You need to be sure that this woman is going to be a long-term part of your life before introducing her to your kids. The very worst thing for your daughters is to watch you bring in a revolving door of women into their lives. They are likely still fully acclimating to the divorce, and haven't really thought of what life would be like if you date someone or marry someone other than their mom.
This all on top of your oldest being in a very tumultuous time of life already. Blending families is hardest with teenagers, because teen's brains are WIRED for finding and establishing independence, not for building family relationships. It's the time in life where they say "Okay, I've done the family thing, it's time for me to really focus on my friends and myself" which makes it really hard for a new person to be brought into the mix successfully.
Teens use their strong family relationships as the stable foundation they stand on while branching out and trying new friendships and trying out new identities. If you're in the midst of changing their family foundation, they take it—understandably—not very well most of the time, though they don't necessarily comprehend themselves WHY they are having such a hard time.
All this to say, that this is a big deal, and you and your girlfriend should both read up on as many books about blending families as you can, to prepare yourselves for the years ahead.

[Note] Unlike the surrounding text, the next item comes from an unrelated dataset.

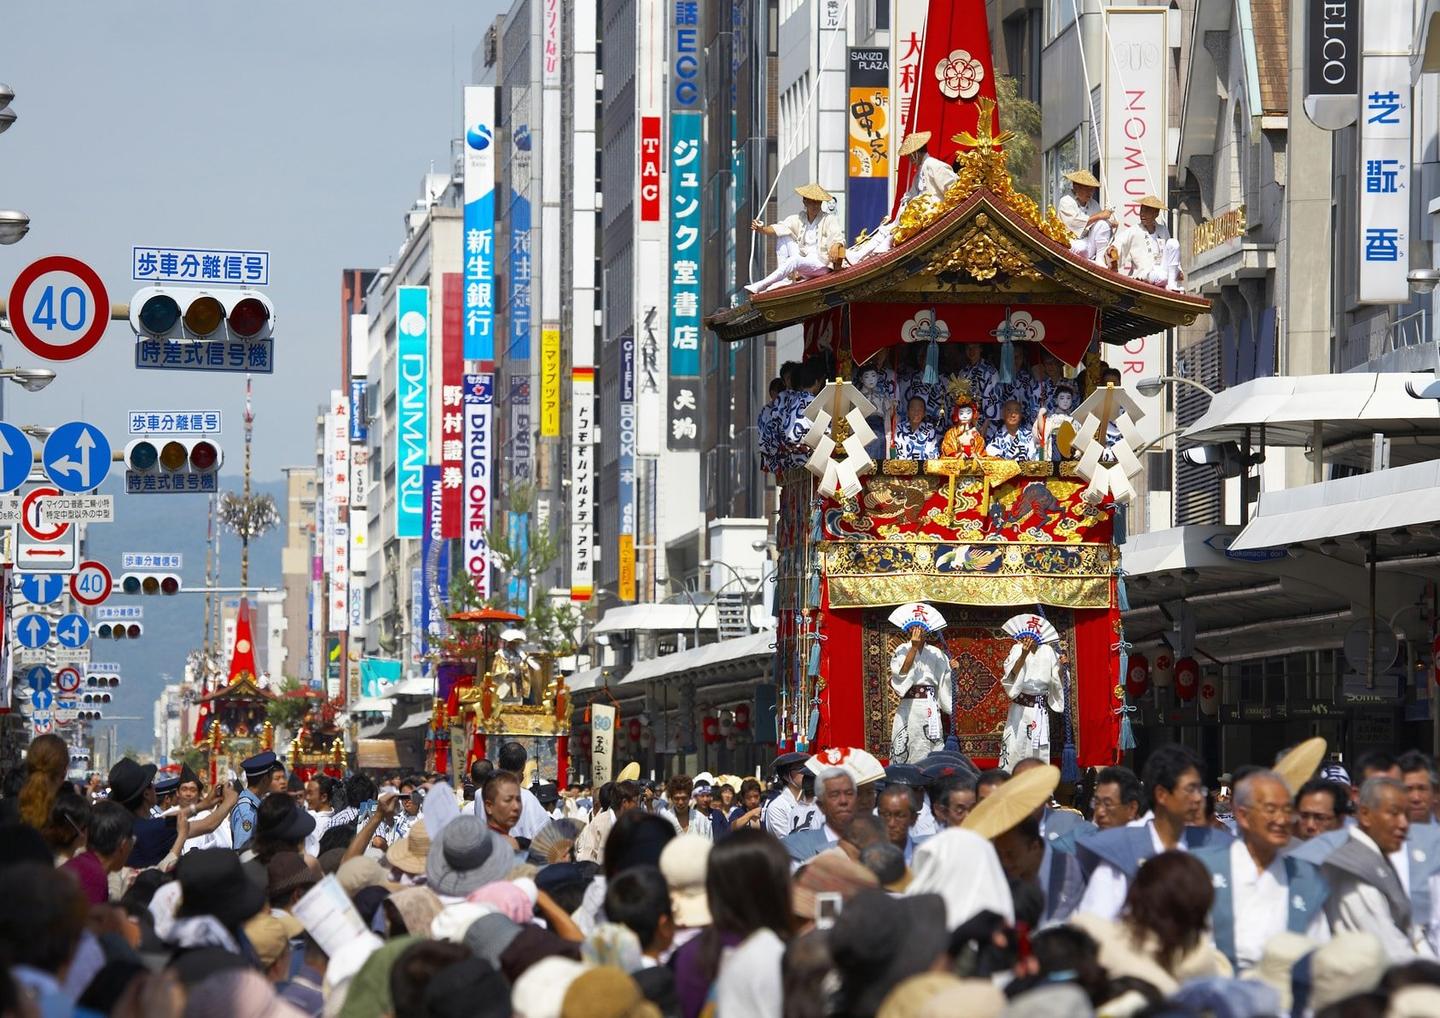 日本东北地区的神秘之旅，岩手县的传统节日“花卷祭” | Experiences in Japan

Building Love Together in Blended Families is a good resource for both of you https://www.amazon.com/Building-Love-Together-Blended-Families/dp/0802419054
As is Saving Your Second Marriage Before it Starts https://www.amazon.com/Saving-Second-Marriage-Before-Starts-ebook/dp/B00UF72D4O
Highly recommend this book: Surviving and Thriving in Stepfamily Relationships -- I (F47) mom of 2 sons (8 and 12) and stepmom of 1 daughter (16) shudder to think where we (myself and husband (48) be without having shared understandings based on what we learned from reading it.